Waxman has also called on Tenet and National Security Adviser Stephen Hadley, who was previously Rice's deputy, to testify alongside her.

Tenet's memoir, "At the Center of the Storm," portrays administration leaders such as Feith as mischaracterizing intelligence to push the country toward war.

In a book review first printed in The Wall Street Journal that Feith posted on his Web site, he defends his record: "Mr. Tenet is doing in his book just what my office had criticized the CIA for doing in its prewar analysis: omitting information that contradicts preconceived arguments."

In an interview, Feith said he has not seen Tenet since the book came out last month even though they teach on the same Georgetown campus, but that "I try always to be civil."

"It seems to me the real question is whether the Democrats politically think that raking over these questions that at this point are 5 years old, and by no means virgin territory, is the most effective political activity for them," Feith said.

Before the current administration, the Vulcans -- who also included Colin Powell and Richard Armitage -- were steeped in Cold War ideology, their beliefs shaped by the U.S. failure in Vietnam. With relationships going back some 30 years, they banded with other neoconservatives to embrace a vision of a military capable of unilaterally transforming the world.

While they worked together in the first Bush administration, it was not until the Sept. 11, 2001, attacks that they found an opportunity to put their ideology into practice. The Iraq war was a chance, they reasoned, to put the American footprint in the heart of the Middle East and reshape a country run by a hostile regime.

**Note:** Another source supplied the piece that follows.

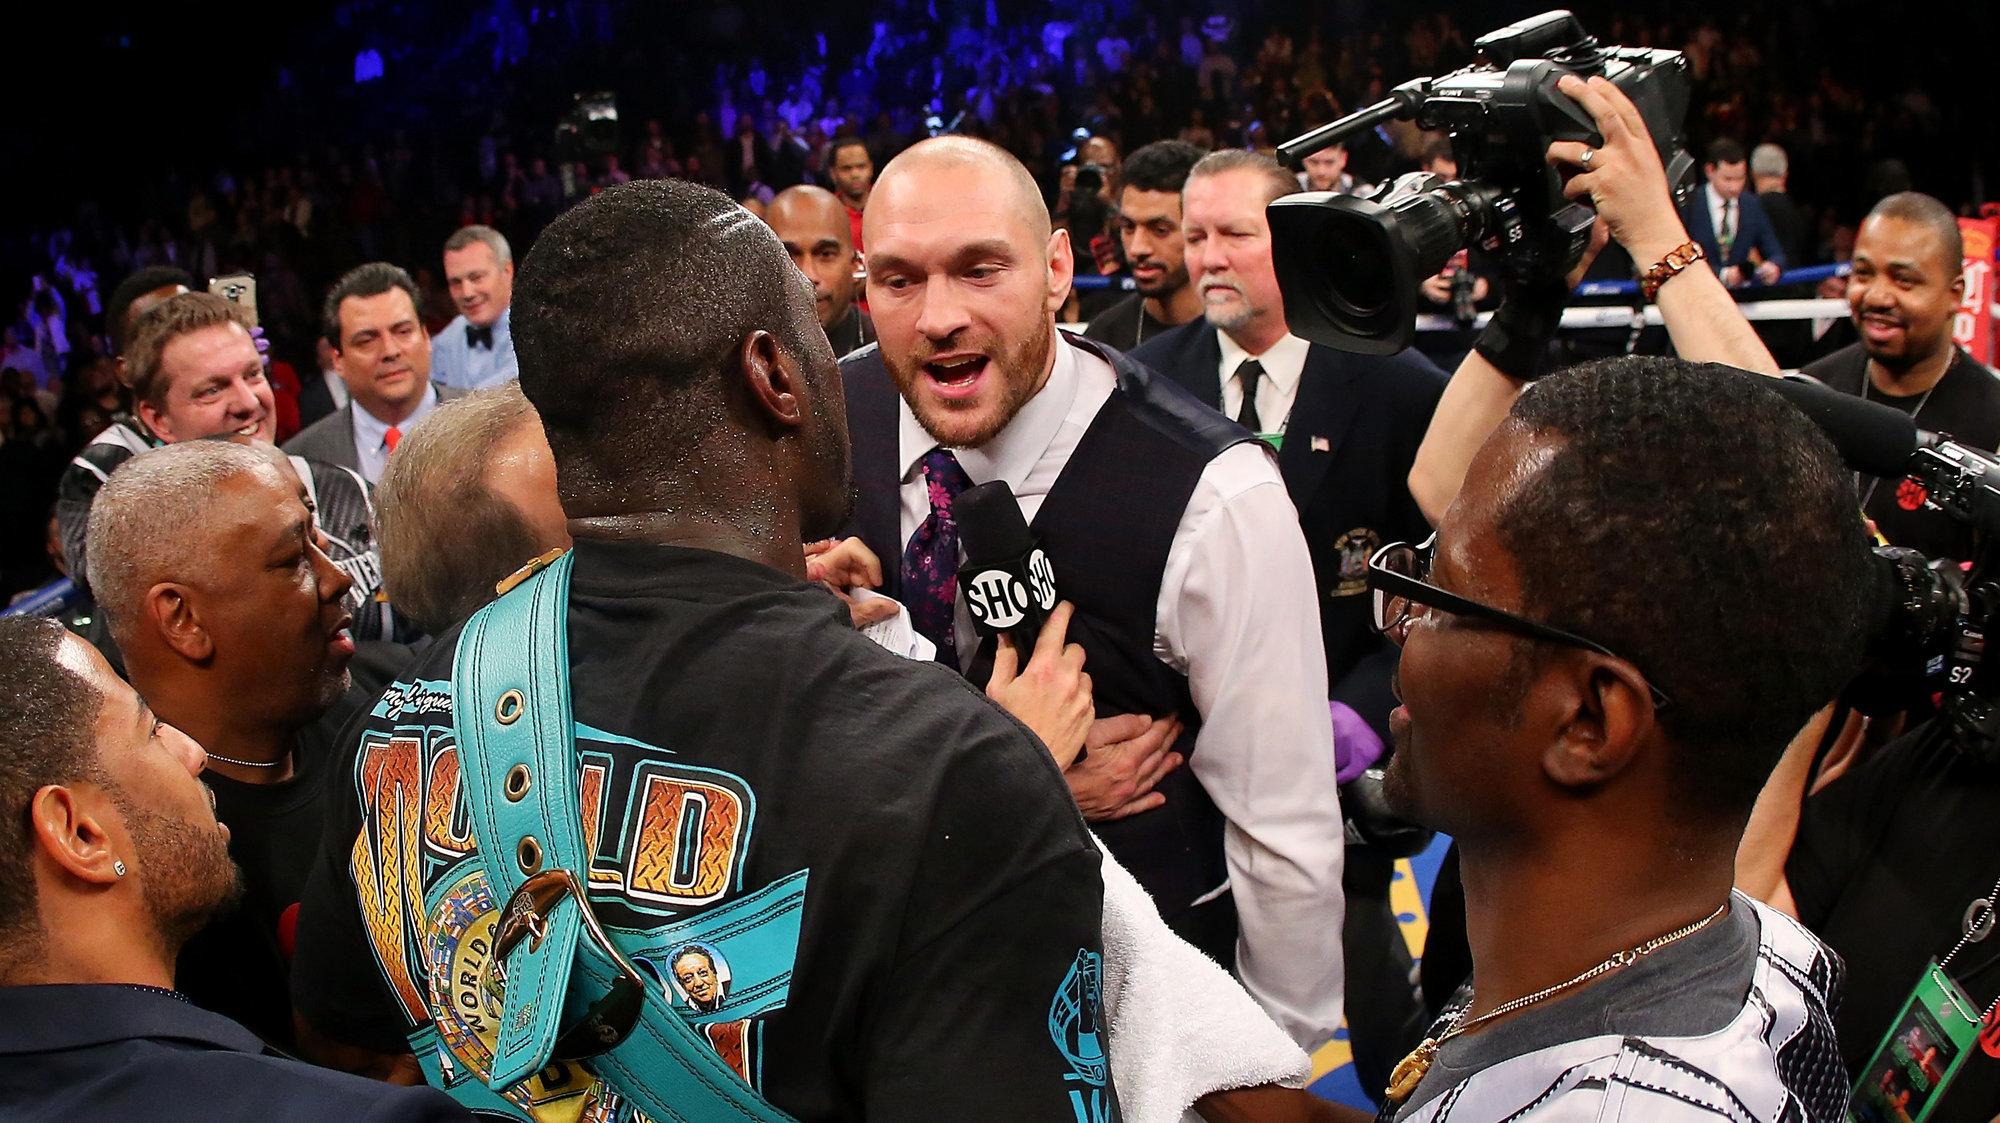 Официально: Тайсон Фьюри отказался от титулов WBA, WBO и IBO
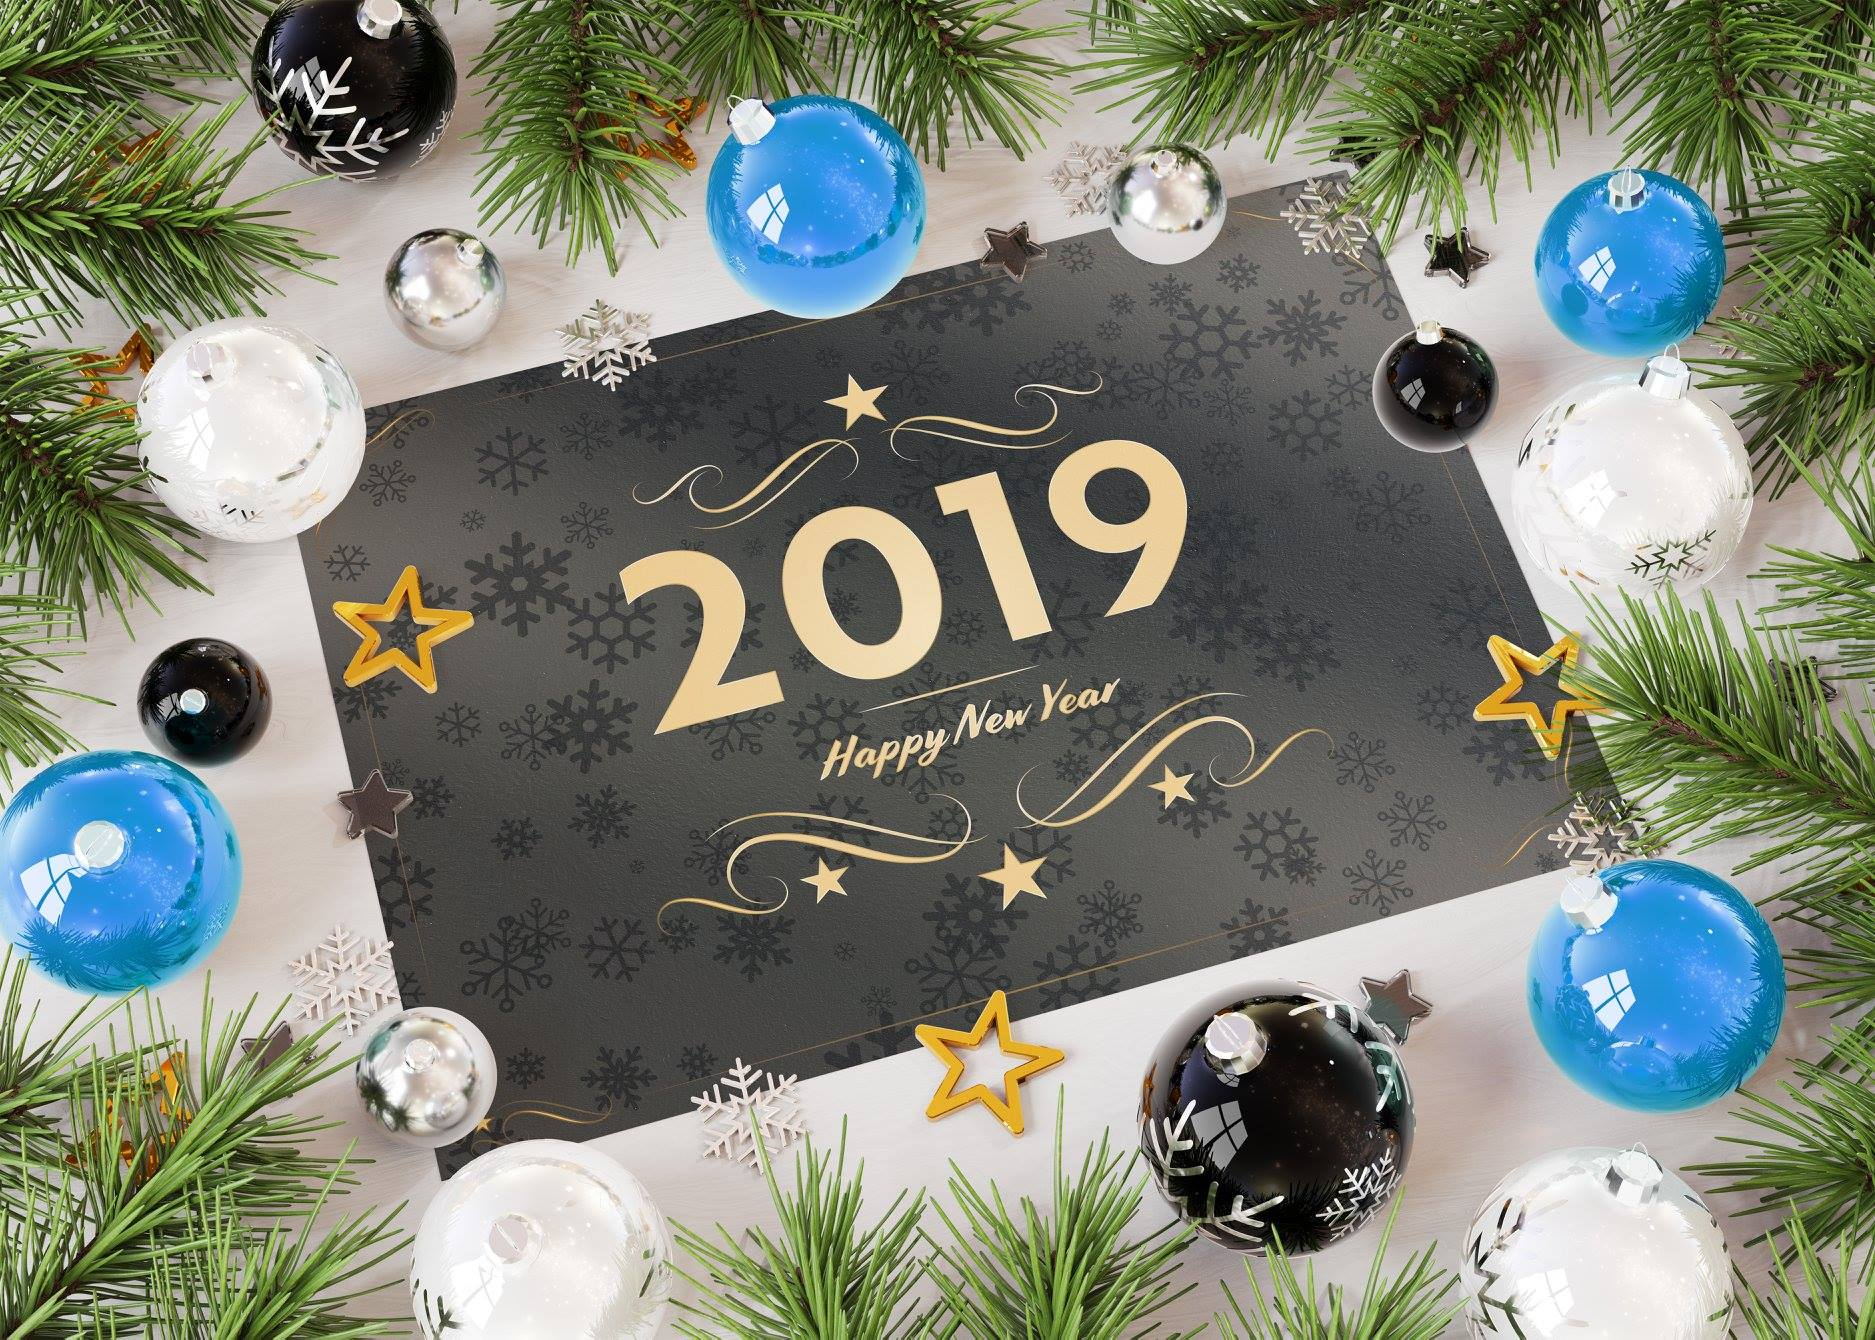 happy new year 2019 1 صور مكتوب عليها العام الجديد 2019

With many of the Vulcans still in power, it may take years to see how history will judge them.


The roster of the Vulcans

DICK CHENEY

The VP has some of the lowest popularity ratings in the administration.

DOUGLAS FEITH

The former policy chief is teaching at Georgetown -- and defending his record.

CONDOLEEZZA RICE

The secretary of state has been subpoenaed to testify before Congress.

DONALD RUMSFELD

He resigned as defense secretary after the Democrats' election victories.

GEORGE TENET

The ex-CIA chief is teaching at Georgetown; his memoir is critical of Feith.

PAUL WOLFOWITZ

The former deputy defense secretary just resigned as World Bank chief.